▶ [Task objective]
Write out again, exactly, the lines below starting at the one with "Moss on tree" and ending at the one with "Former Ireland head".
START Material to process
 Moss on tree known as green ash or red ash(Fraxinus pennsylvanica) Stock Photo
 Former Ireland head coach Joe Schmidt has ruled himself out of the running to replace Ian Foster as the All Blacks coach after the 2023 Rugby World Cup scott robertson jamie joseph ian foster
END Material to process
START Material to process
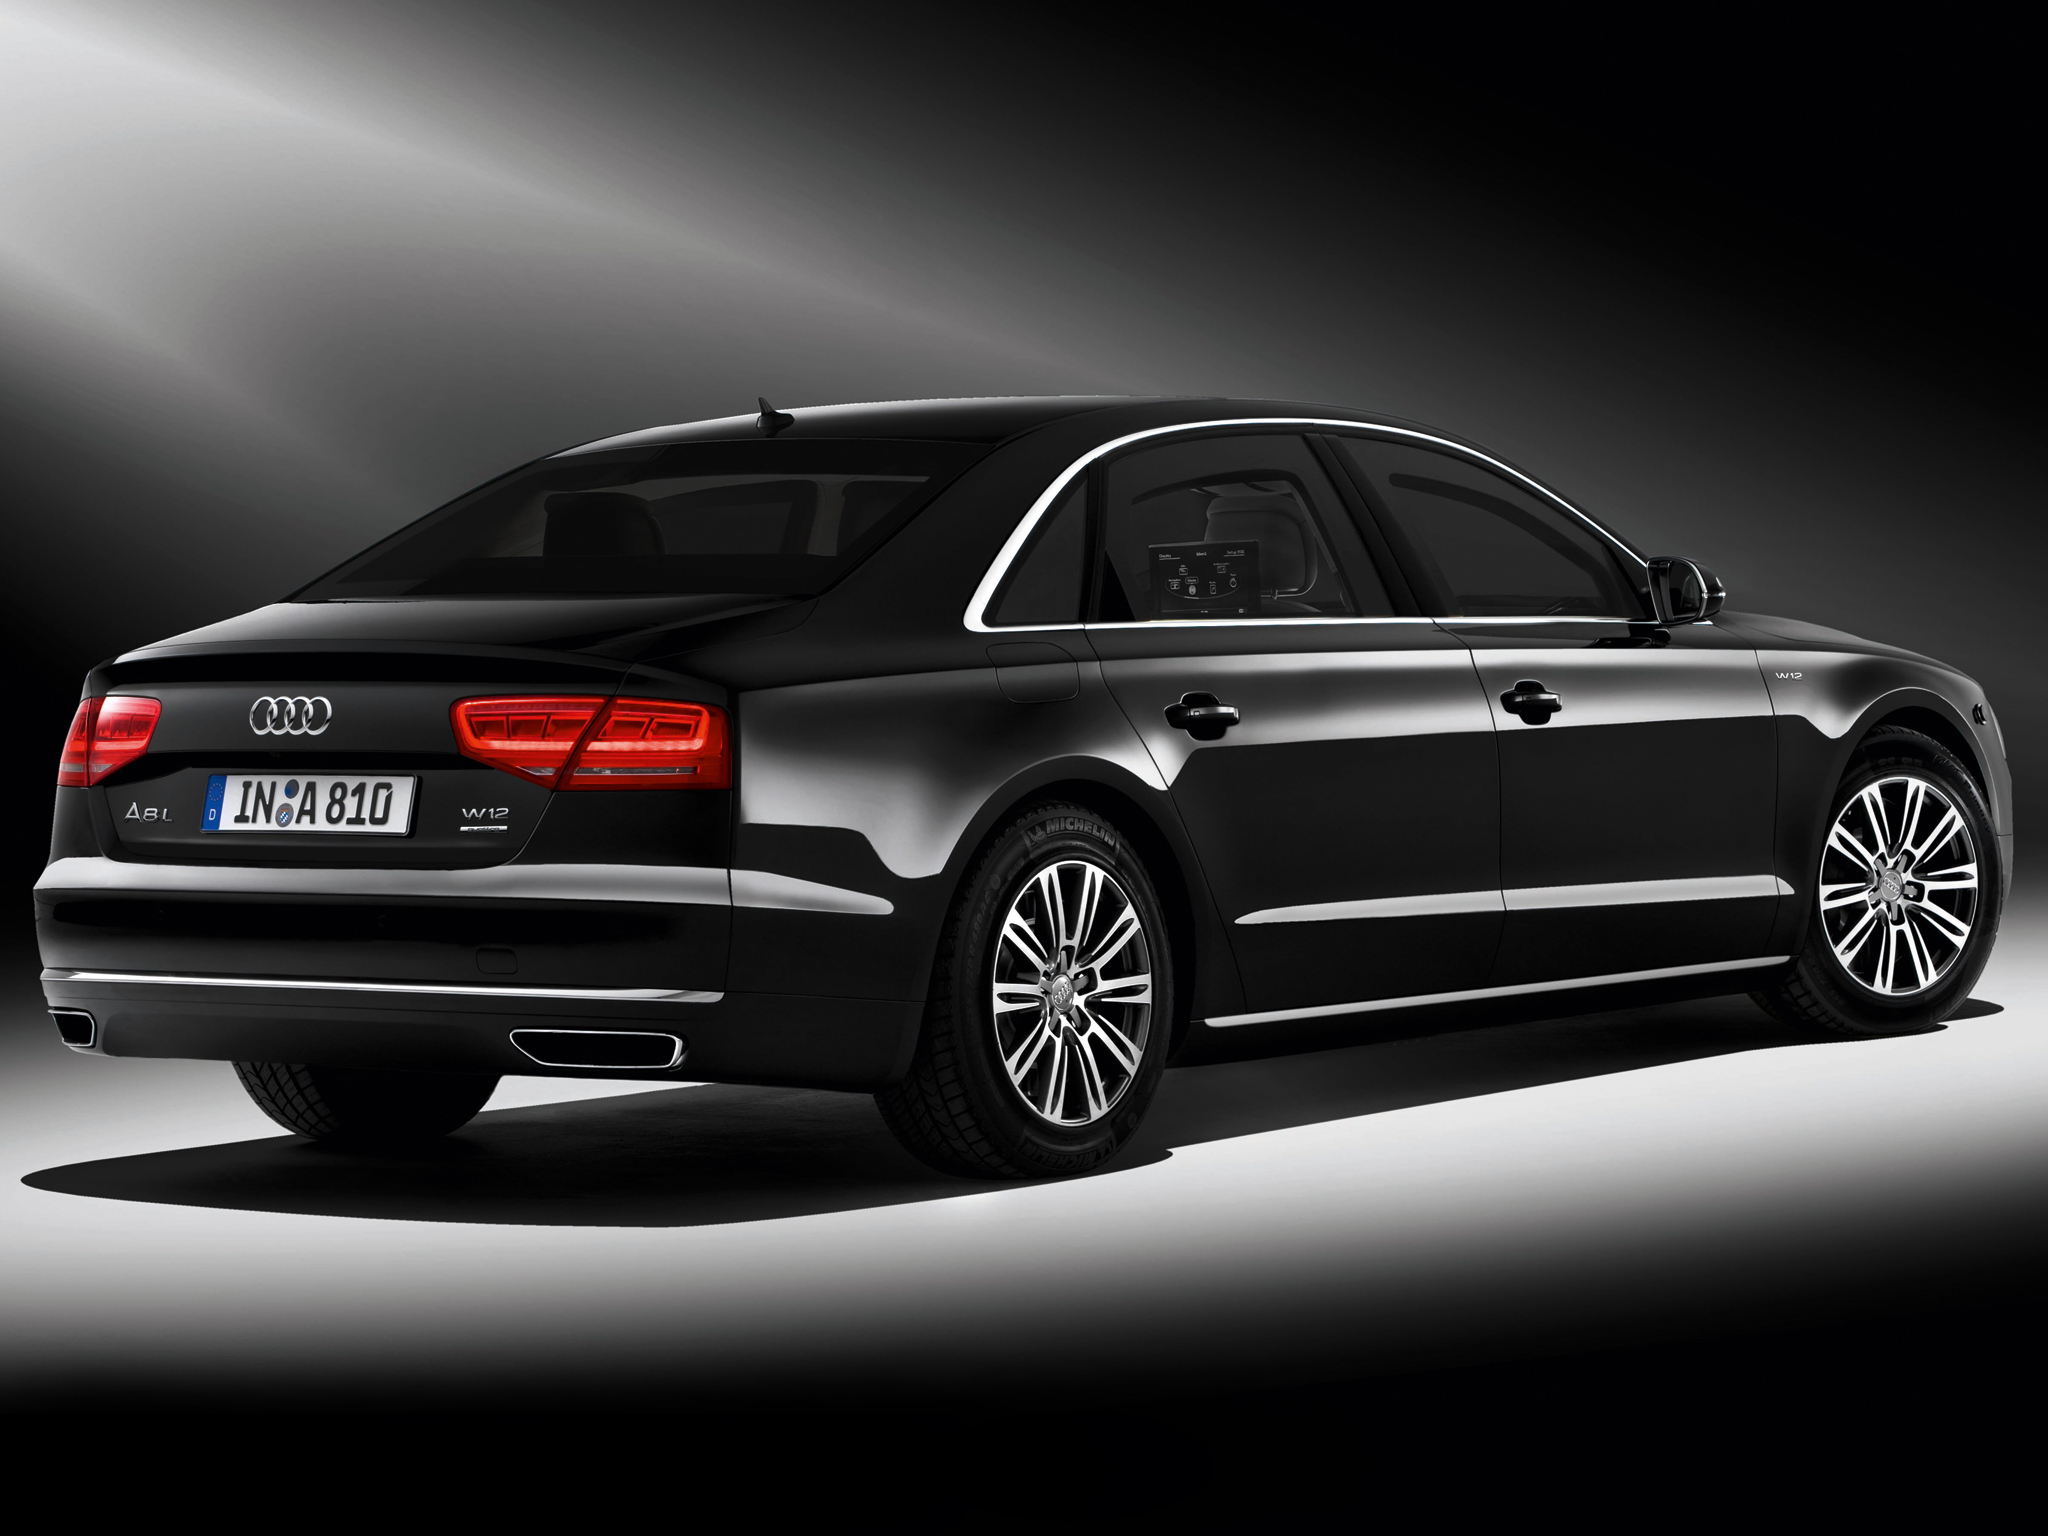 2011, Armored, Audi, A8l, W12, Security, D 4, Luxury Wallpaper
END Material to process
▶ [Solution for this task]
 Moss on tree known as green ash or red ash(Fraxinus pennsylvanica) Stock Photo
 Former Ireland head coach Joe Schmidt has ruled himself out of the running to replace Ian Foster as the All Blacks coach after the 2023 Rugby World Cup scott robertson jamie joseph ian foster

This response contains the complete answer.